Şimdiye kadar ömrüne otuz sekiz ülke sığdırmış, sonuncusu ise Türkiye olmuş. Gezdiği ülkelerin sanat anlayışlarını karşılaştırması istendiğinde hiçbir kültürü bir numaralandırmaya tabi tutamayacağını ama elbette sanatından daha az ve daha fazla keyif aldığı yerler olduğunu açık yüreklilikle ifade ediyor. İspanya’ya, Kuzey Afrika’ya, Uzak Doğu’ya sanatlarını, arkasına edebiyatı alarak güçlendirmiş olduklarından dolayı hayran olduğu dile getirmekte. Sanat anlayışları için “Yaşar Kemal’in kitapları gibi; bir gerçeğin içinden çıkıyor, bir topraktan.” gibi bir ifadesi var. Türkiye’deki sanatla, dokunmuş bir kilimin, işlenmiş bir yemeninin bir hikayesi olması üzerinden özdeşim kuruyor.

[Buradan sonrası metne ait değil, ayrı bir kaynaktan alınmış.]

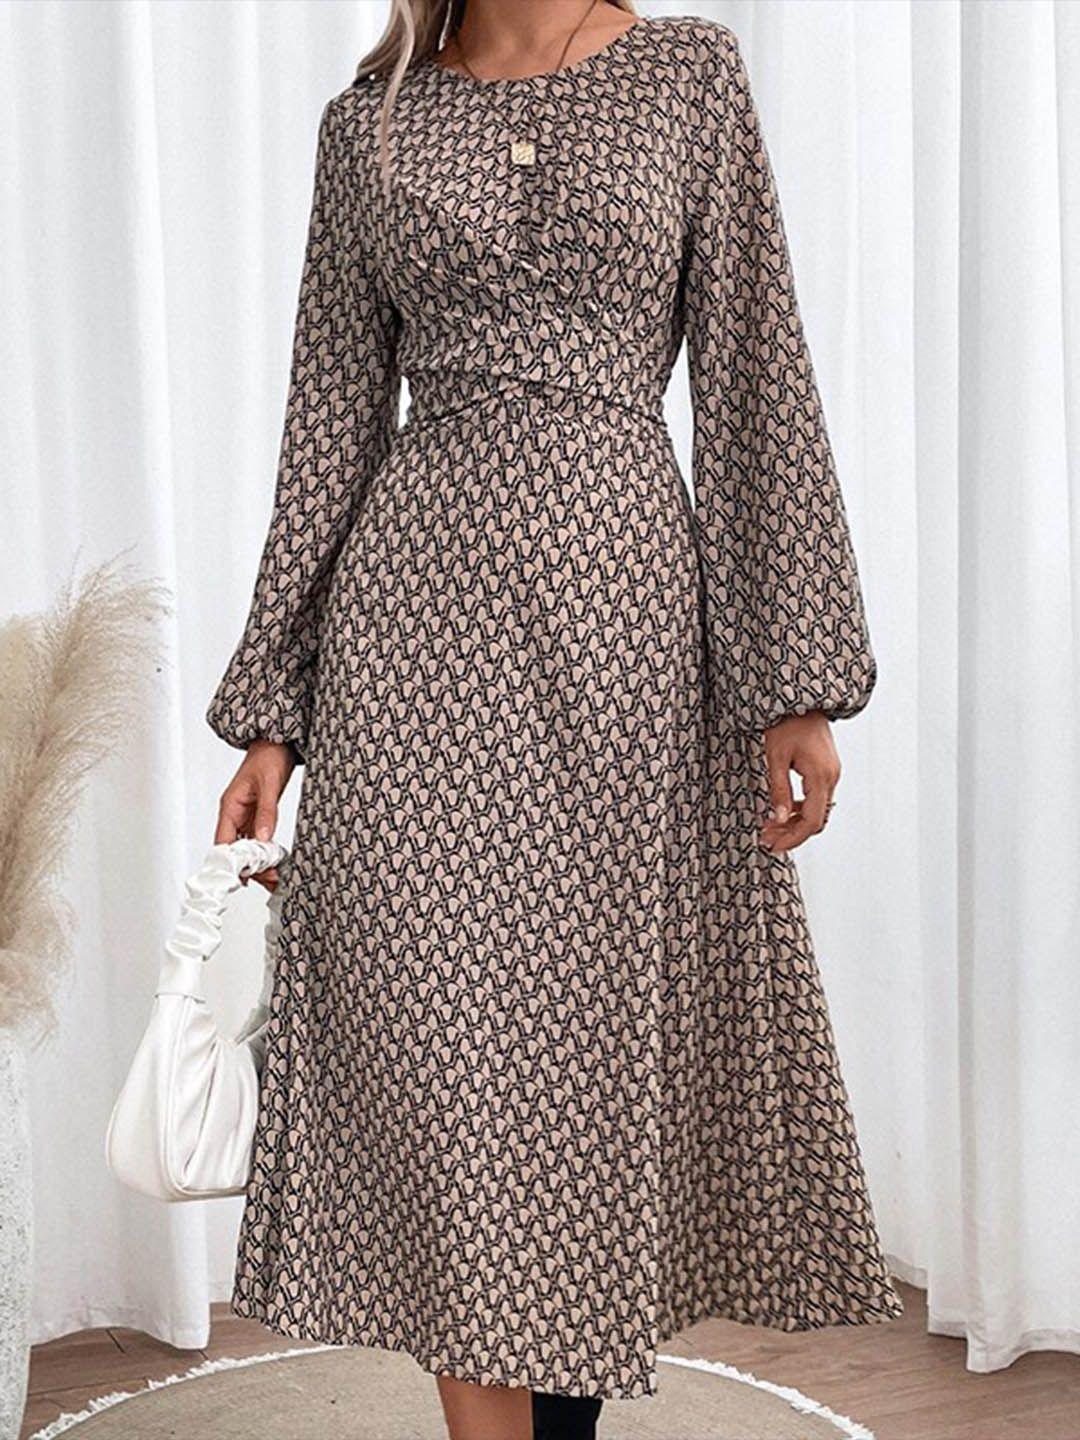 stylecast-khaki-&-walnut-print-fit-&-flare-midi-dress

Yaşamak için para gerekiyor şartsız koşulsuz, gerekiyorsa sanattan da para kazanılabilir diyen Talip Kara, sanat hakkında sorulan sorulara onu bir araçtan ziyade amaç olarak gördüğü yönünde cevap veriyor. Türk sanatına âşık olduğunu bildiğimiz ressamın Türk sanat anlayışıyla ilgili bir de şikâyeti var. Türk sanatına geleneksel sanat denilmesini doğru bulmuyor. Kendi sanat anlayışında geleneksel sanatın çağdaşlaştırılmış versiyonunu yapmayı amaçlamaktadır. Bunun başarılabilmesi ise bilindikten çıkmakla olur. Bir yeni nesil sanat var, bir de hat, minyatür gibi geleneksel sanatlar var malum olduğumuz üzere. Kara ise “Dedemin babaannemin vitrininde duran resmi değil, onu yeni nesil ile harmanlayarak yapılmış resmi isterim.” sözleriyle sanat hakkındaki duruşunu sergiliyor.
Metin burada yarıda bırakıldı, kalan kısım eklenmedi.